**Problem statement**: Filter the data for lines with the word "Photo", then copy every line so identified.

**The input**:
○ ○ ○ ○
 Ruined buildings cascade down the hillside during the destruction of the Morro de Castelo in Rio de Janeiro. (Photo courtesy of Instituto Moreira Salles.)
○ ○ ○ ○
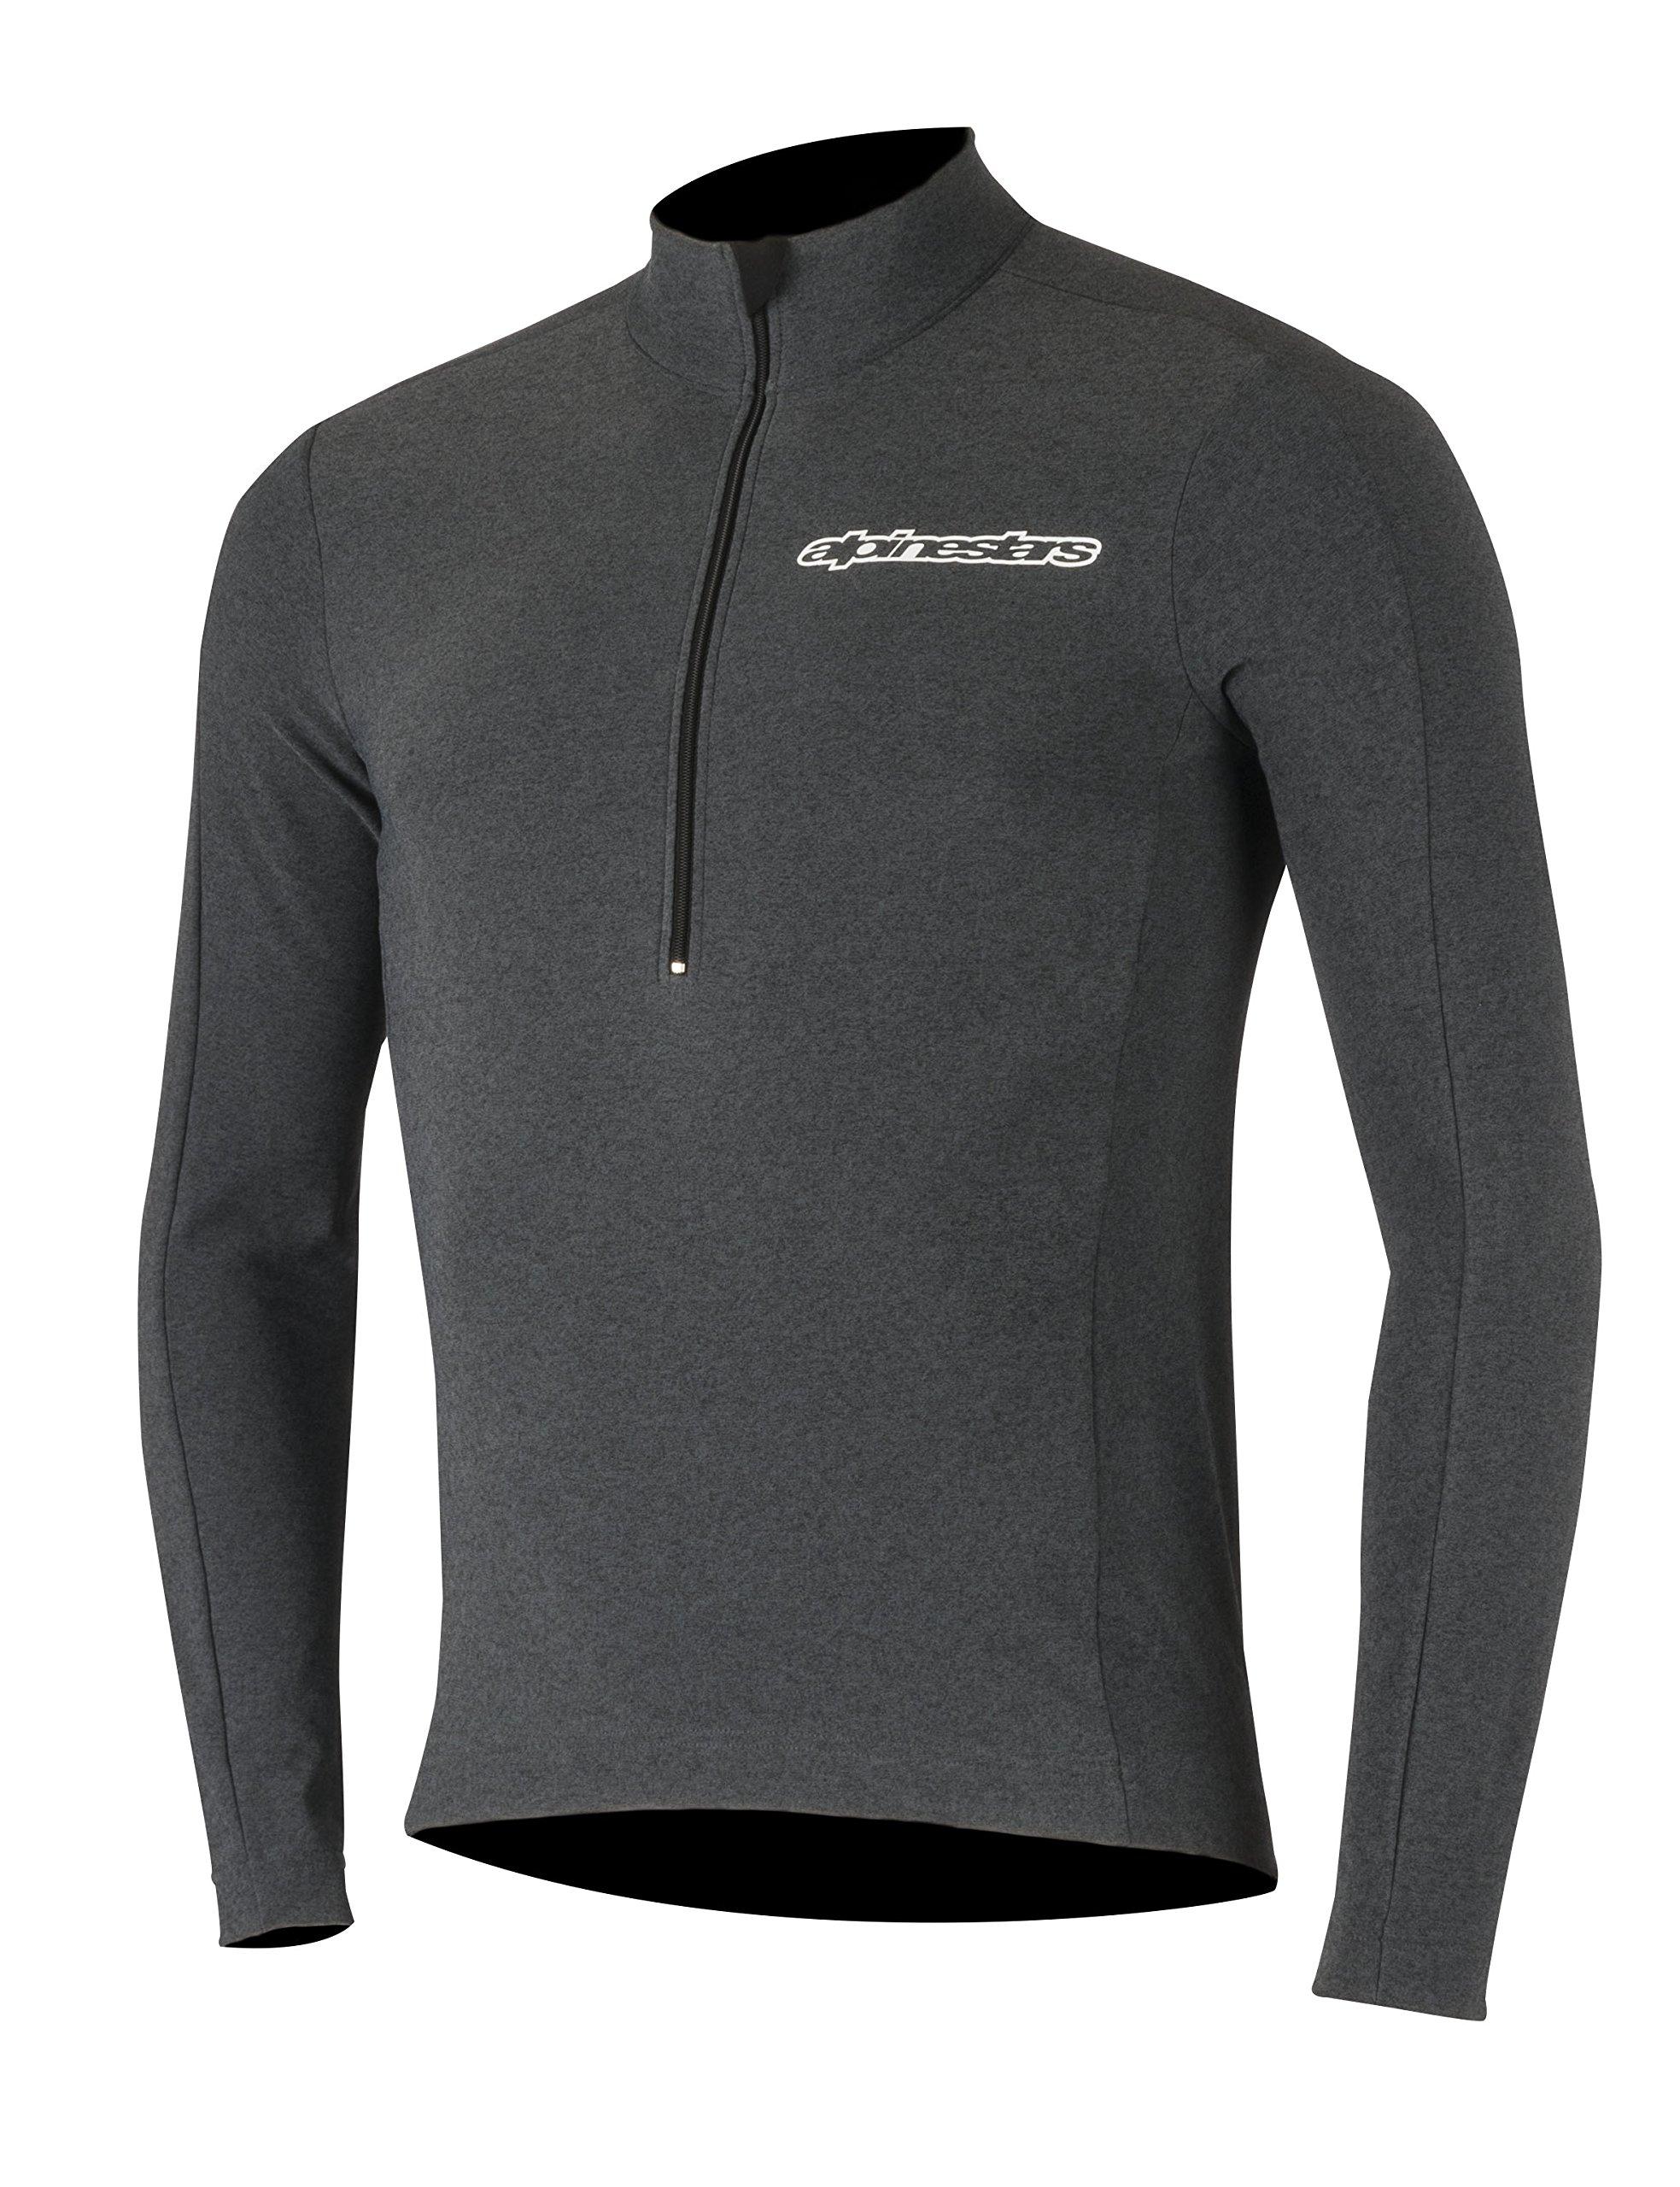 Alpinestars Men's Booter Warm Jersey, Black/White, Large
○ ○ ○ ○
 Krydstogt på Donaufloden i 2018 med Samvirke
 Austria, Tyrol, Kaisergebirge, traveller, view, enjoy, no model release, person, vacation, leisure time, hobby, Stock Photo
○ ○ ○ ○
**Answer space**:
 Ruined buildings cascade down the hillside during the destruction of the Morro de Castelo in Rio de Janeiro. (Photo courtesy of Instituto Moreira Salles.)
 Austria, Tyrol, Kaisergebirge, traveller, view, enjoy, no model release, person, vacation, leisure time, hobby, Stock Photo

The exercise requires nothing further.